MATERIAL PROVIDED ▸
>>>
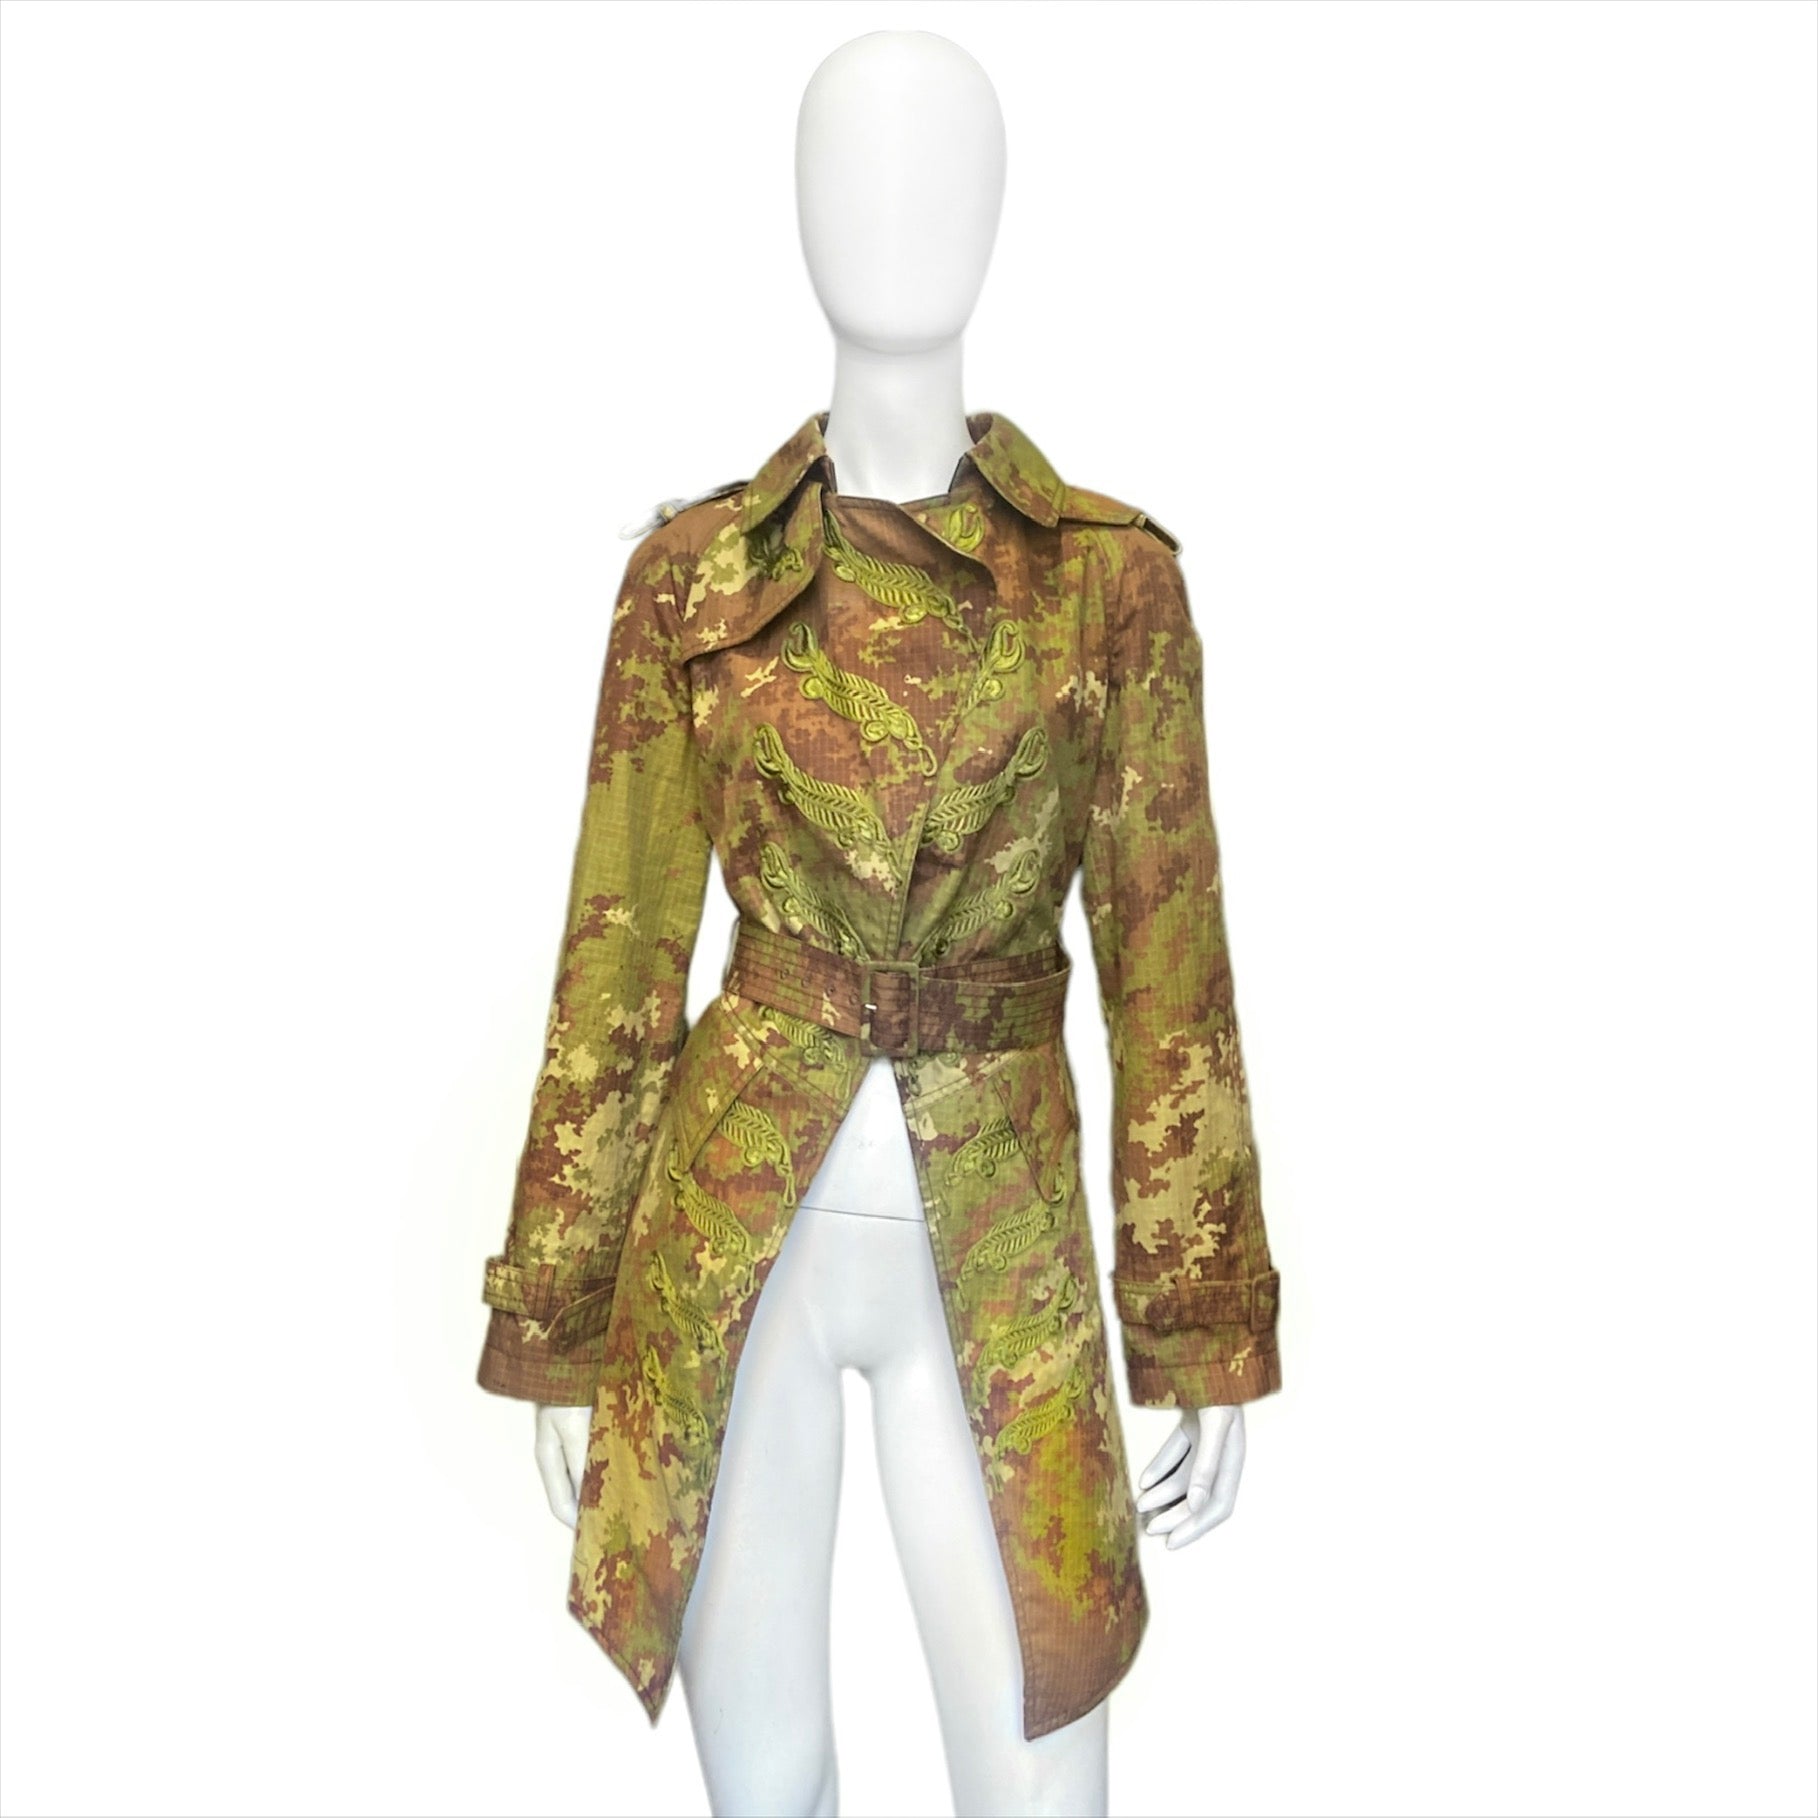 Jean Paul Gaultier Fall 2012 Menswear Collection
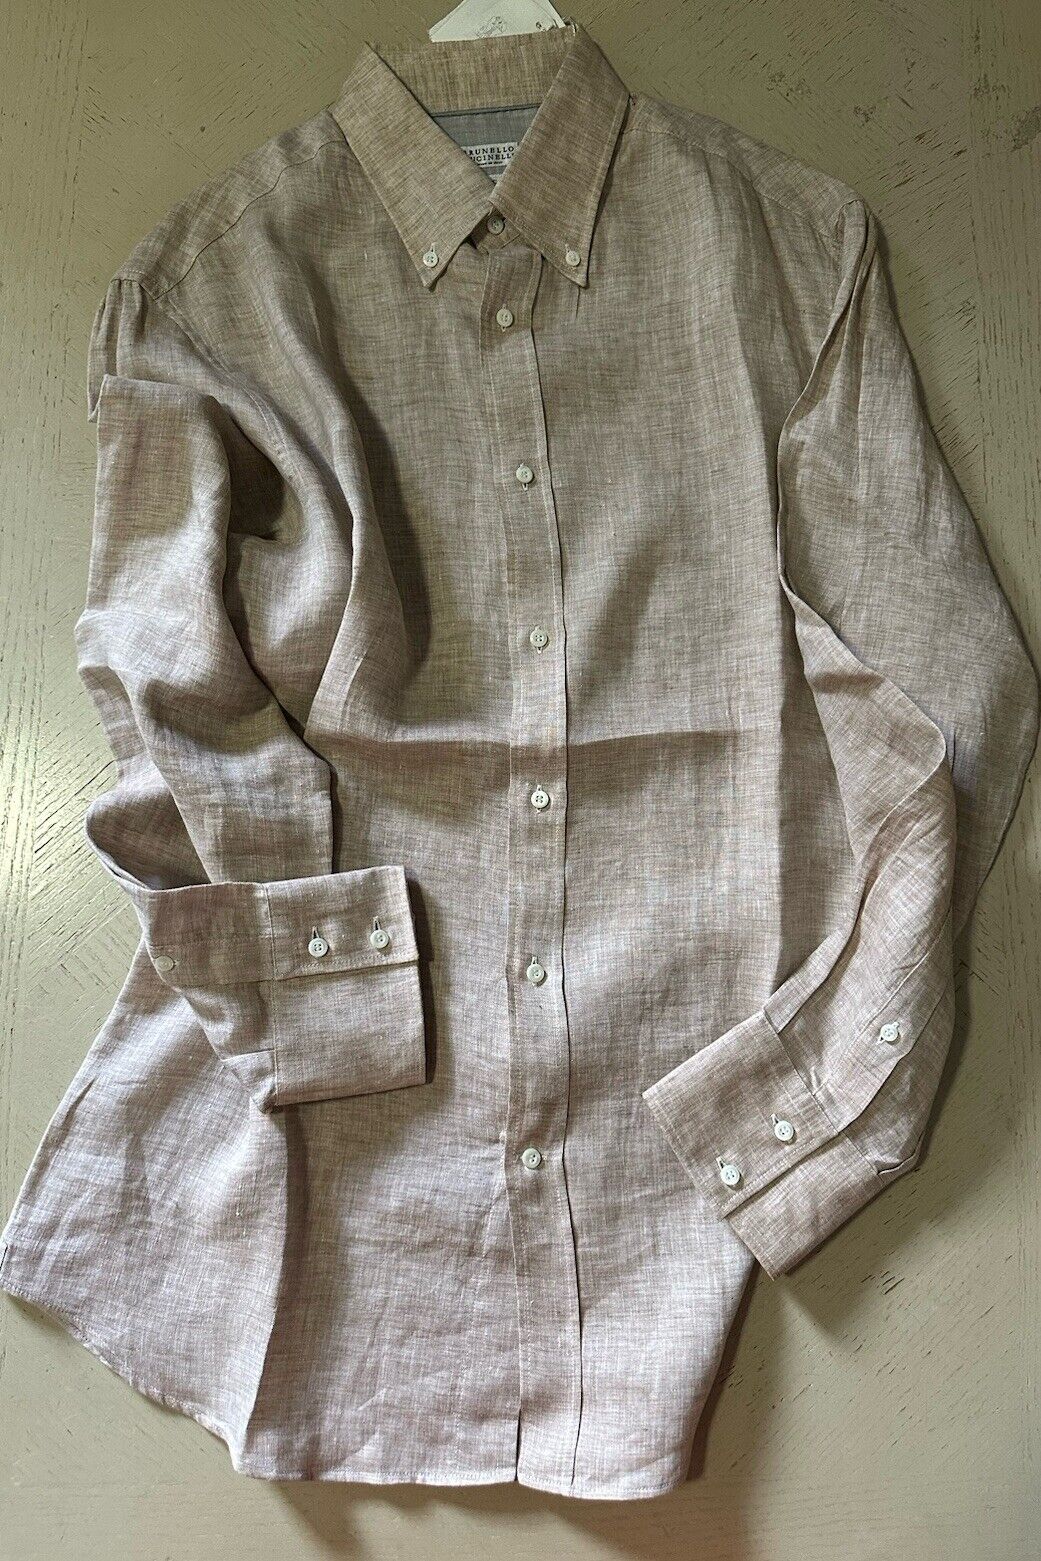 Brunello Cucinelli Men’s Button Down Linen Shirt LT Beige New $695
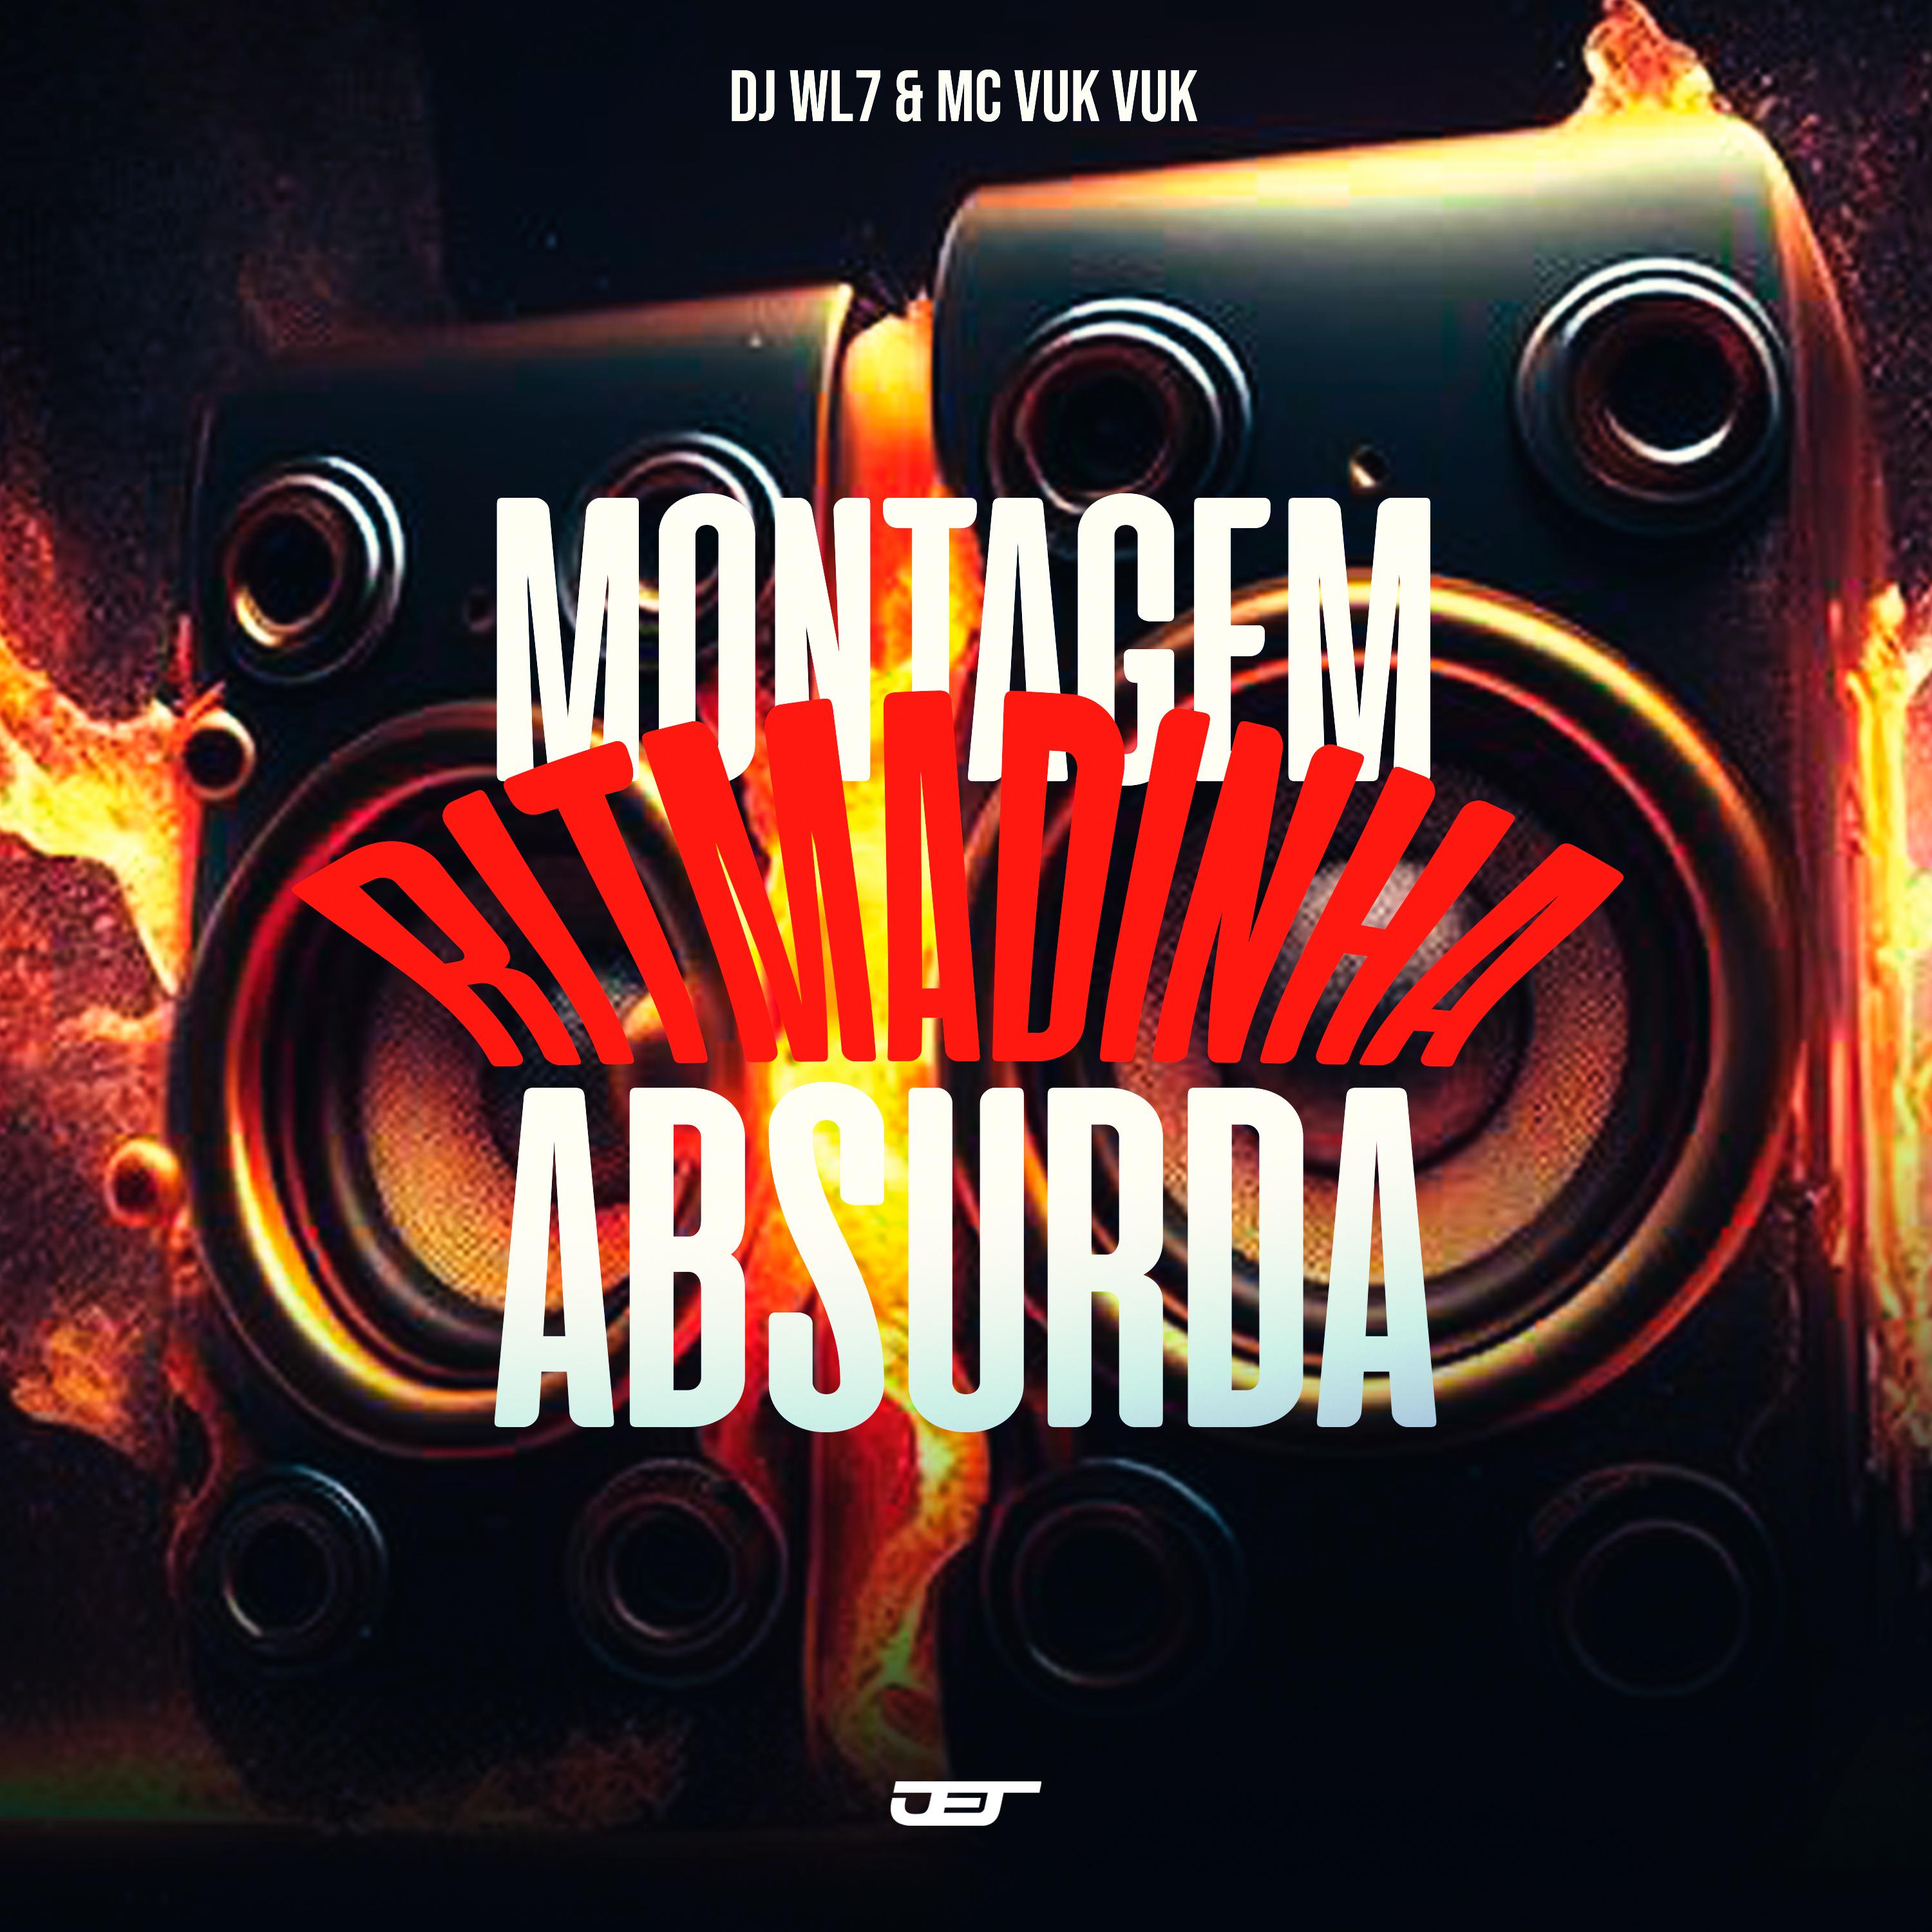 Постер альбома Montagem Ritmadinha Absurda
<<<
WHAT TO PRODUCE ▸
Retype verbatim only the lines beginning with the line that contains "Brunello Cucinelli Men’s" and ending with the last line of the listing above; pictures are to be excluded.

EXERCISE OUTPUT ▸
 Brunello Cucinelli Men’s Button Down Linen Shirt LT Beige New $695
 Постер альбома Montagem Ritmadinha Absurda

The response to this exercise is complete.